What this task involves — Return every line of the records, exact and in full, until you have returned the line with "4 Pack Compatible", and include none of the pictures.

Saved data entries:
__________

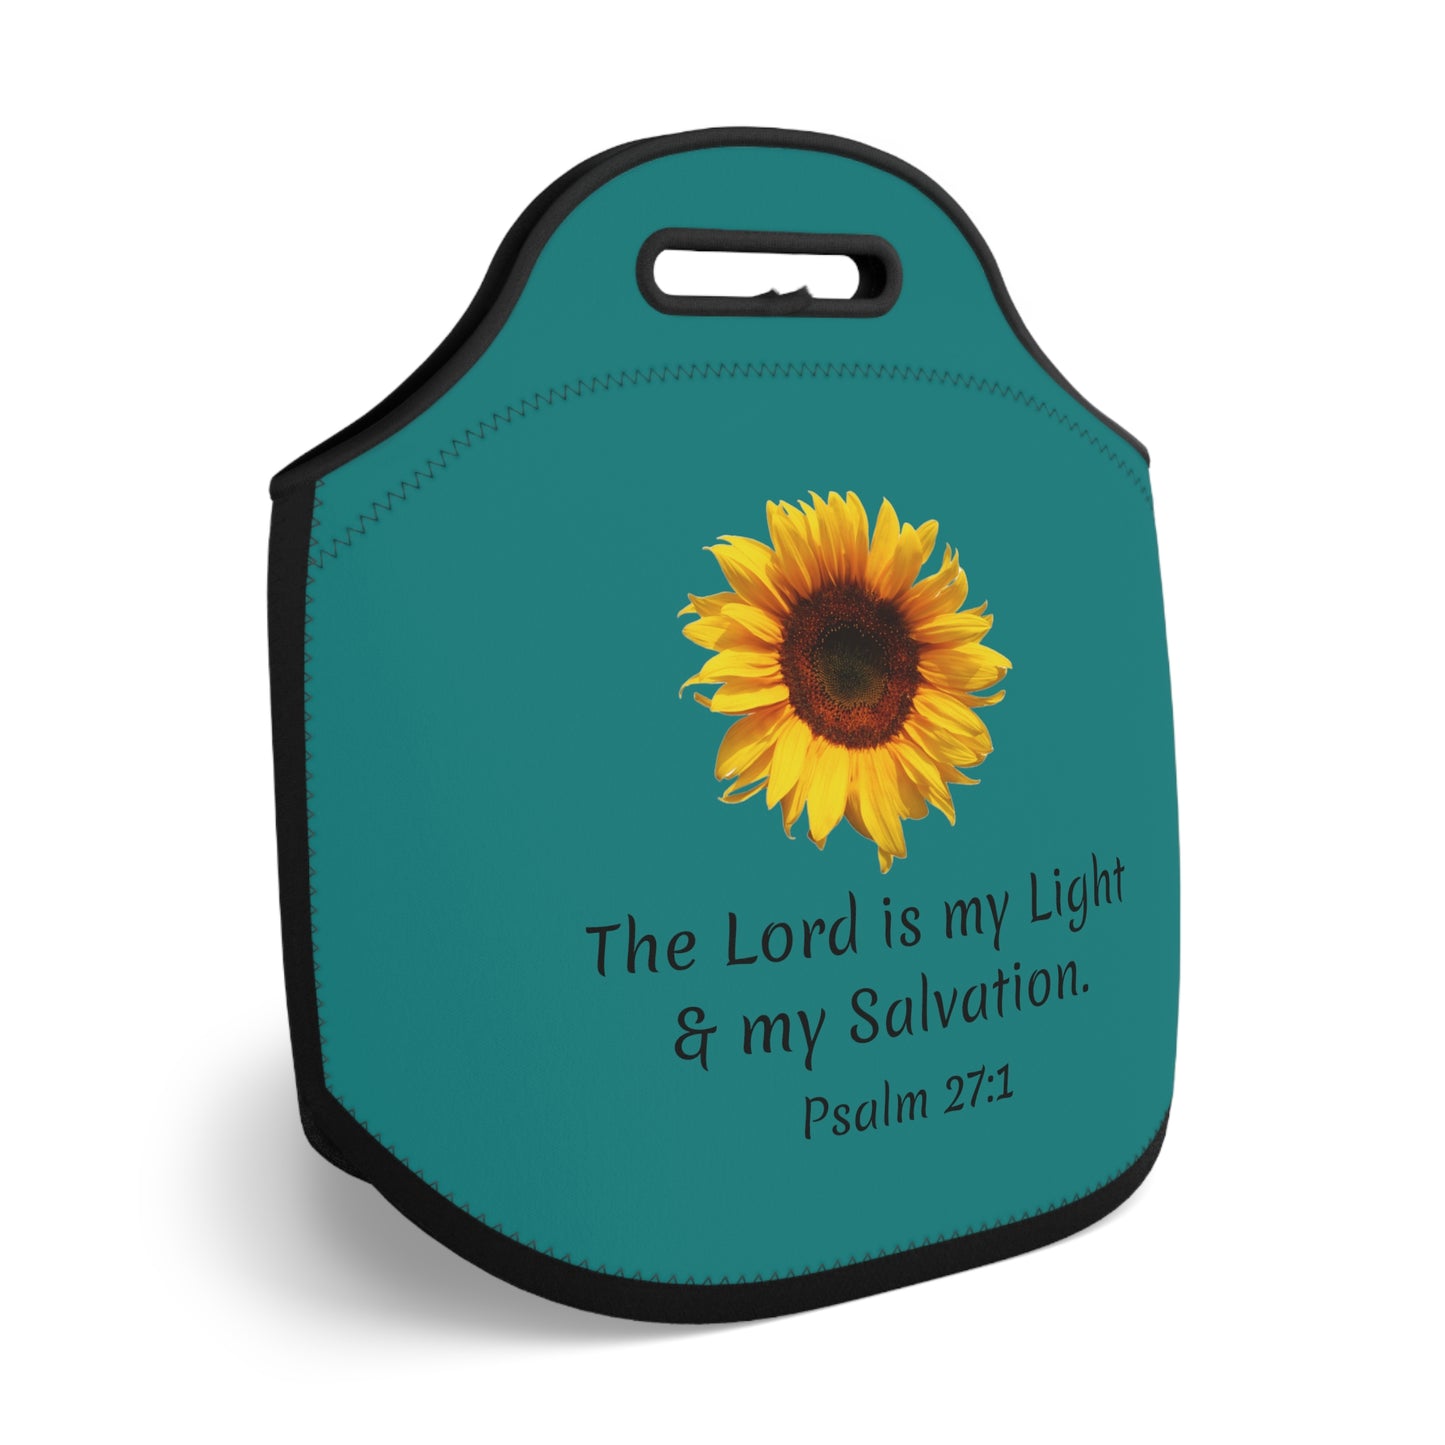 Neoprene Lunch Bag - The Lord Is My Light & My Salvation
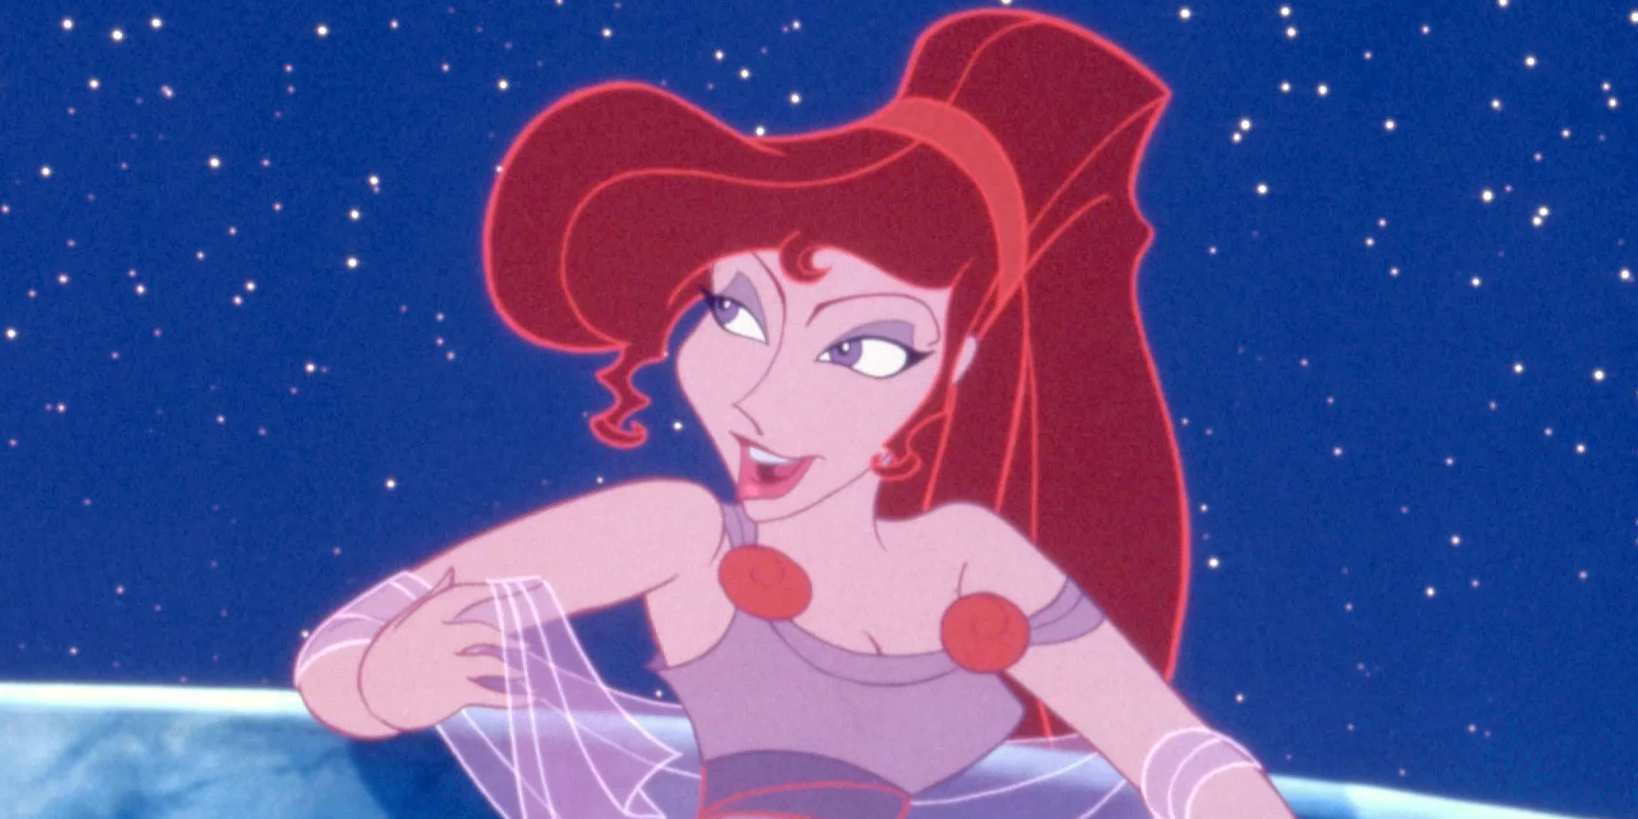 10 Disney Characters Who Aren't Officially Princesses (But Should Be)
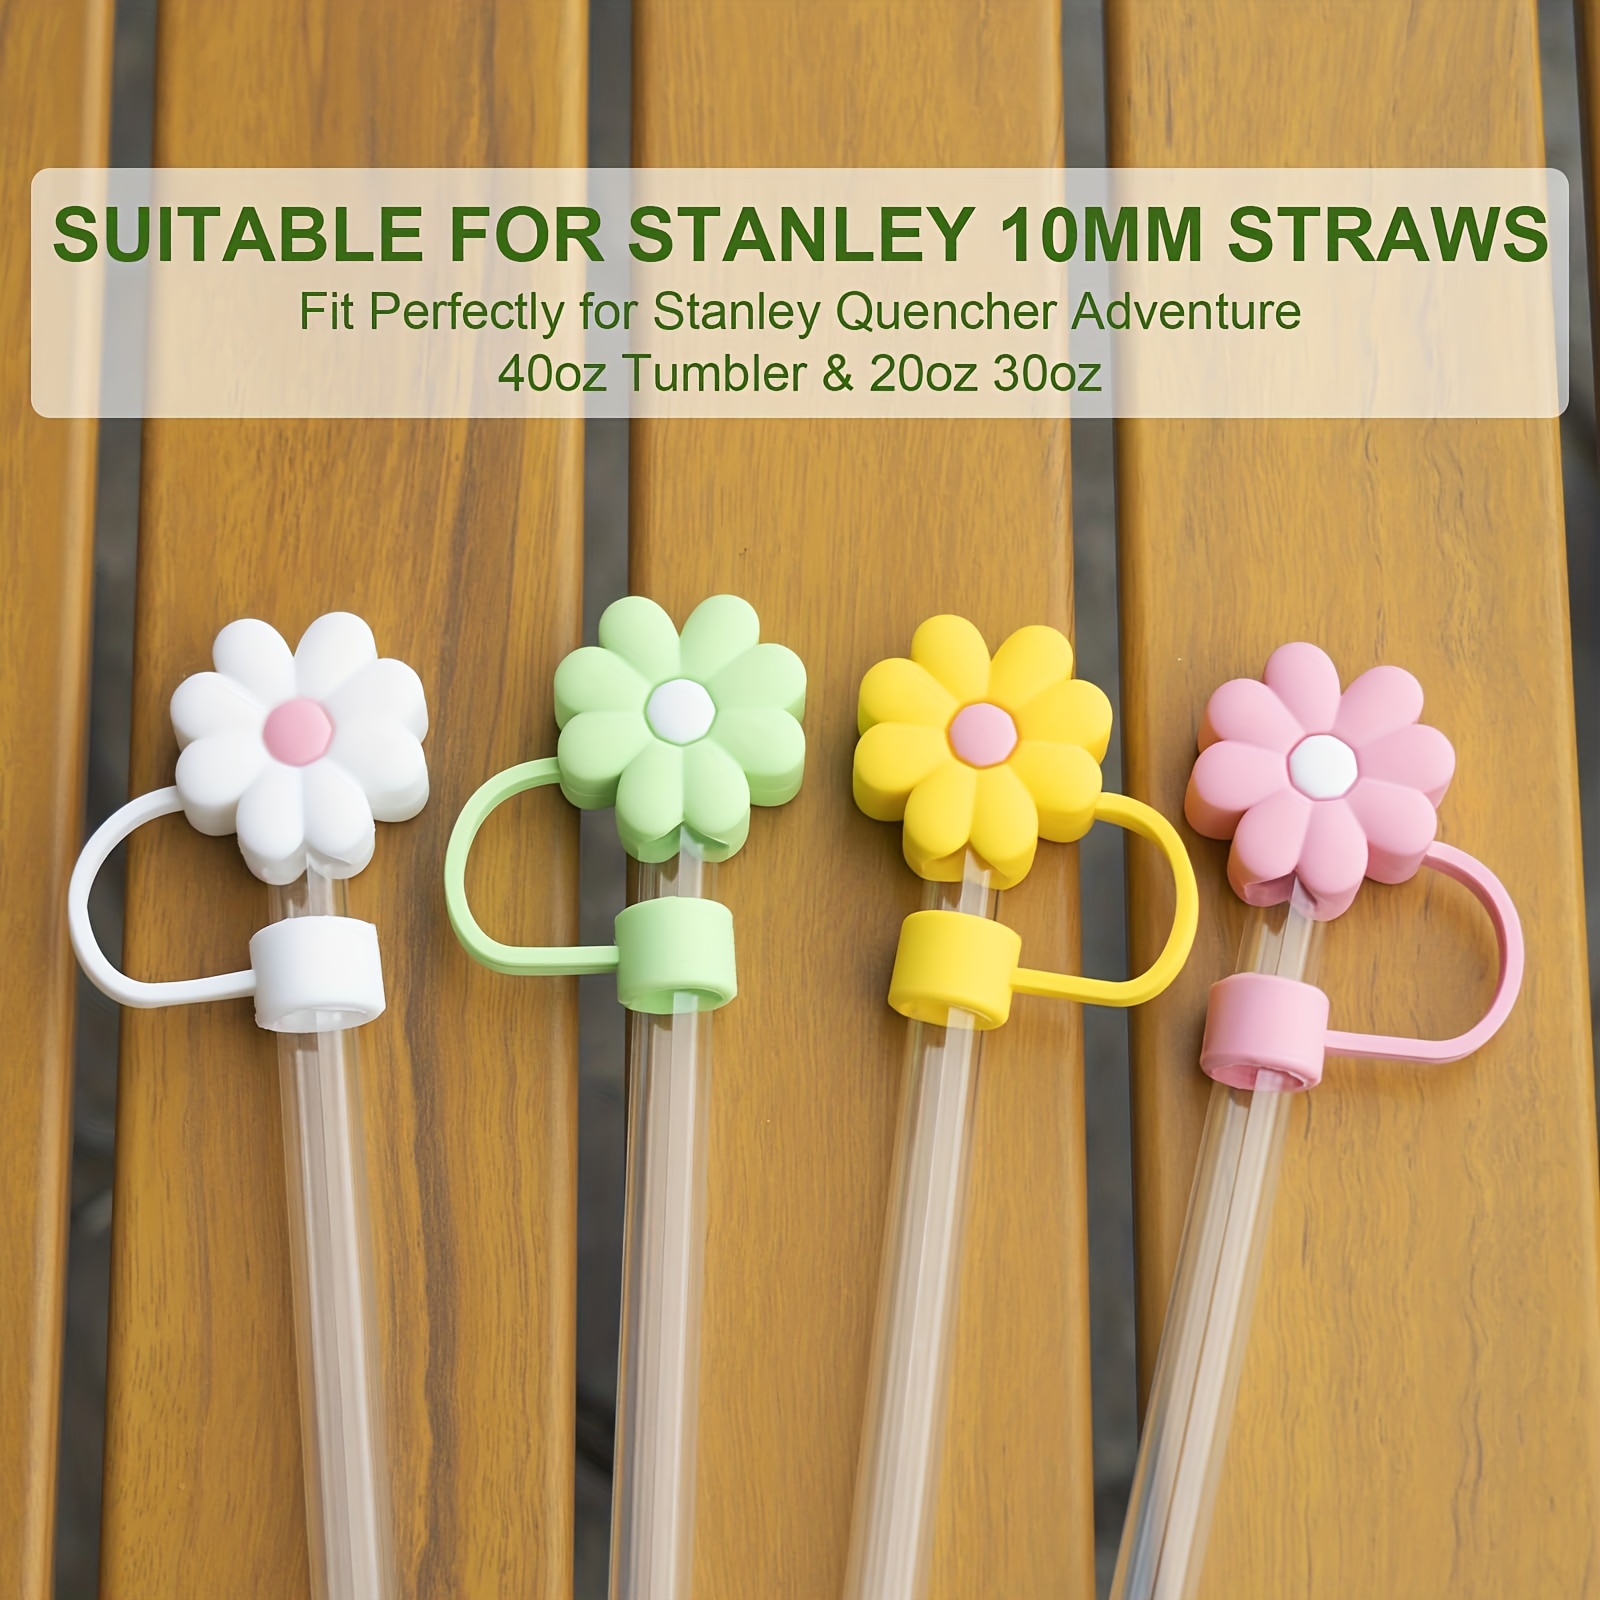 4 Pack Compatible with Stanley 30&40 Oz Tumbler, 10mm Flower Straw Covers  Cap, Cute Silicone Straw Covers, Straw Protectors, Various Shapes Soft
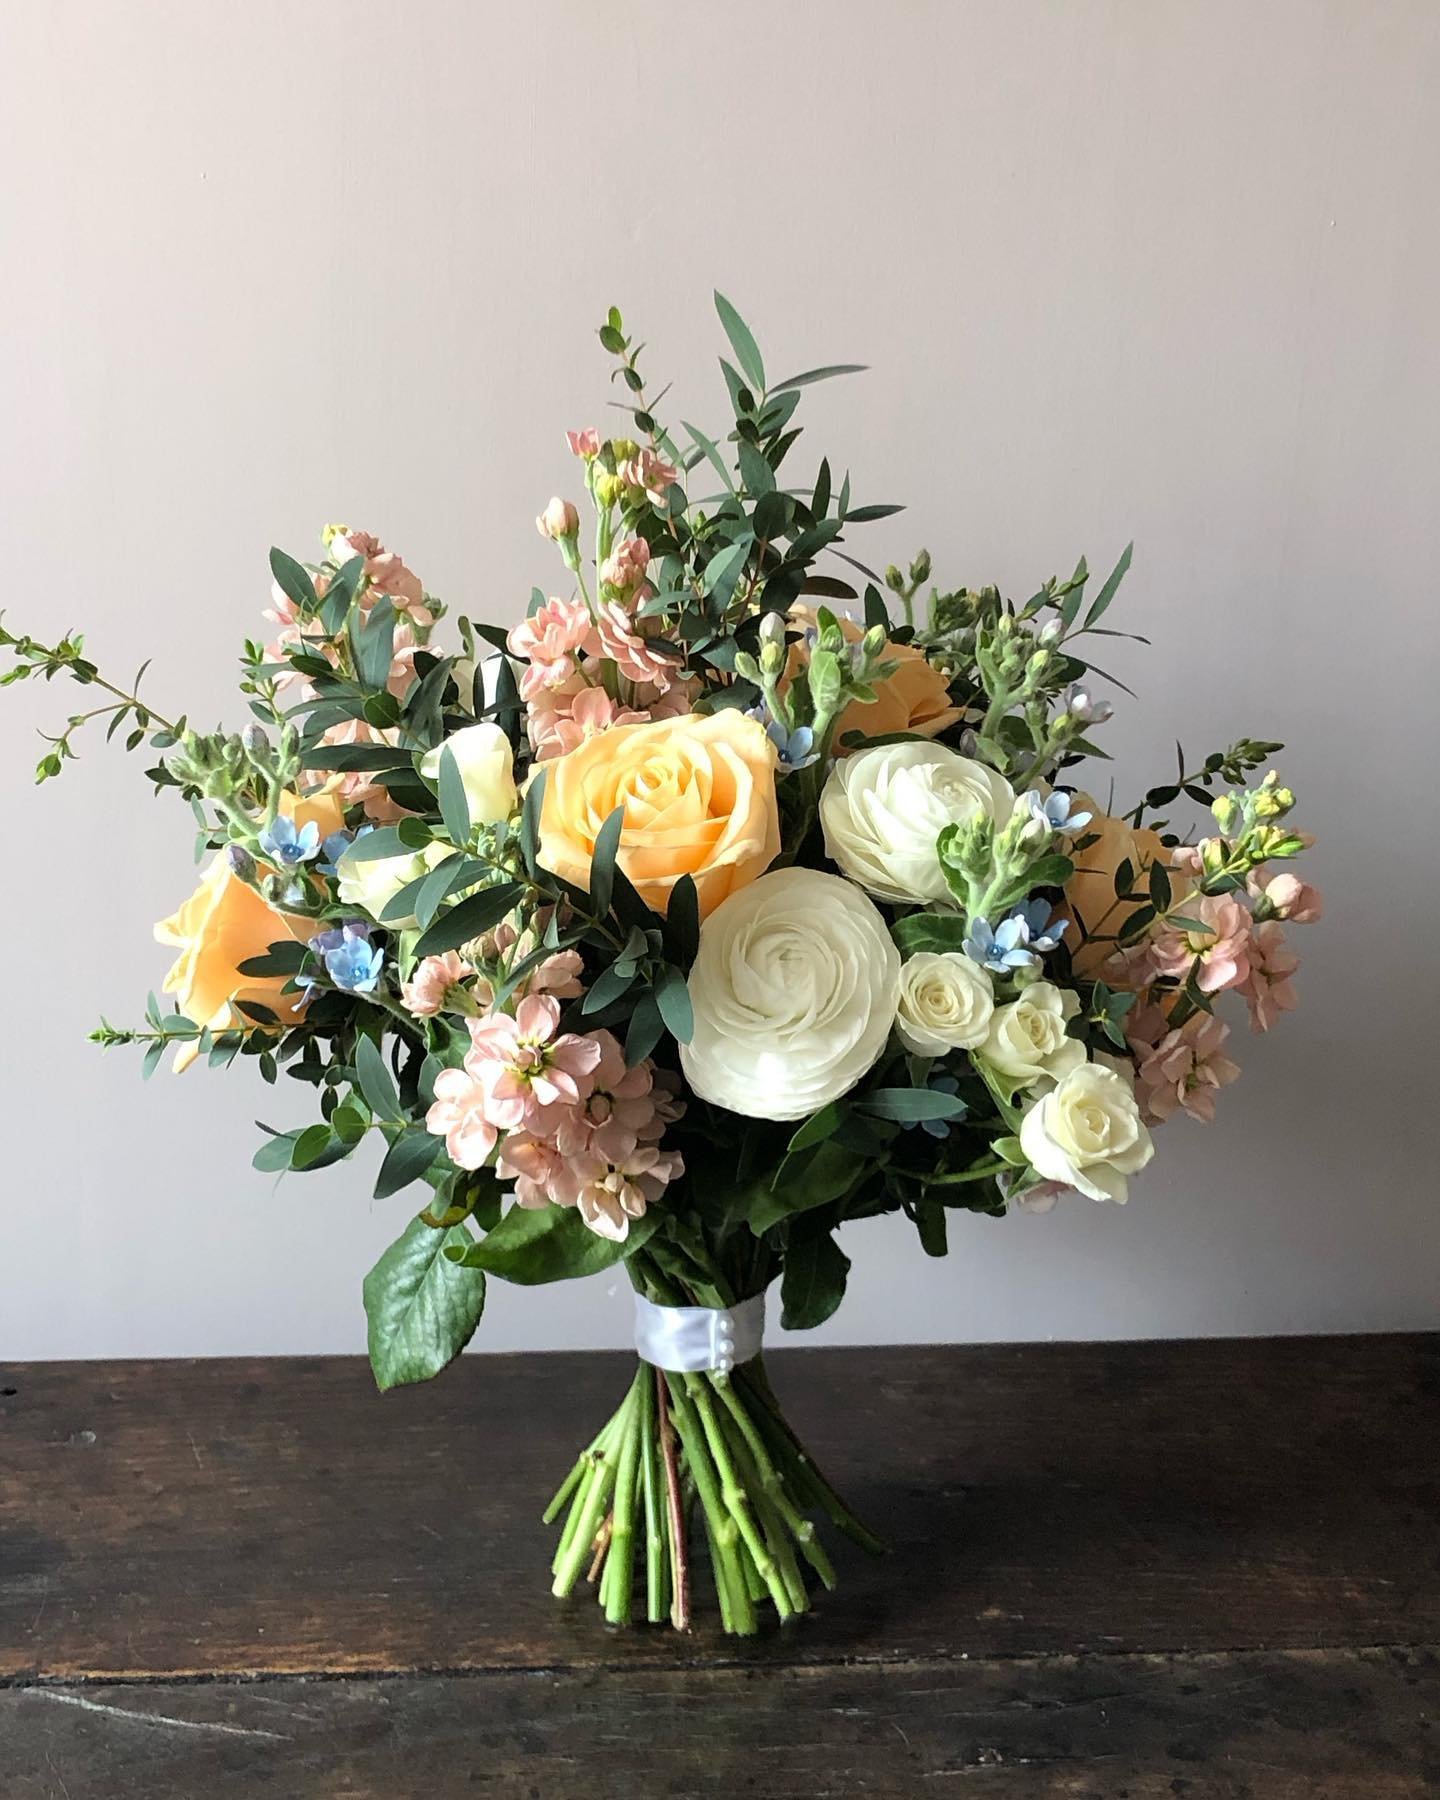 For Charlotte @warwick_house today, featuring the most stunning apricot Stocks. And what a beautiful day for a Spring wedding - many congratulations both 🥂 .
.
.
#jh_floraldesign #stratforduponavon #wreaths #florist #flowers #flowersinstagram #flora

__________

Answer for this exercise —
 Neoprene Lunch Bag - The Lord Is My Light & My Salvation
 10 Disney Characters Who Aren't Officially Princesses (But Should Be)
 4 Pack Compatible with Stanley 30&40 Oz Tumbler, 10mm Flower Straw Covers  Cap, Cute Silicone Straw Covers, Straw Protectors, Various Shapes Soft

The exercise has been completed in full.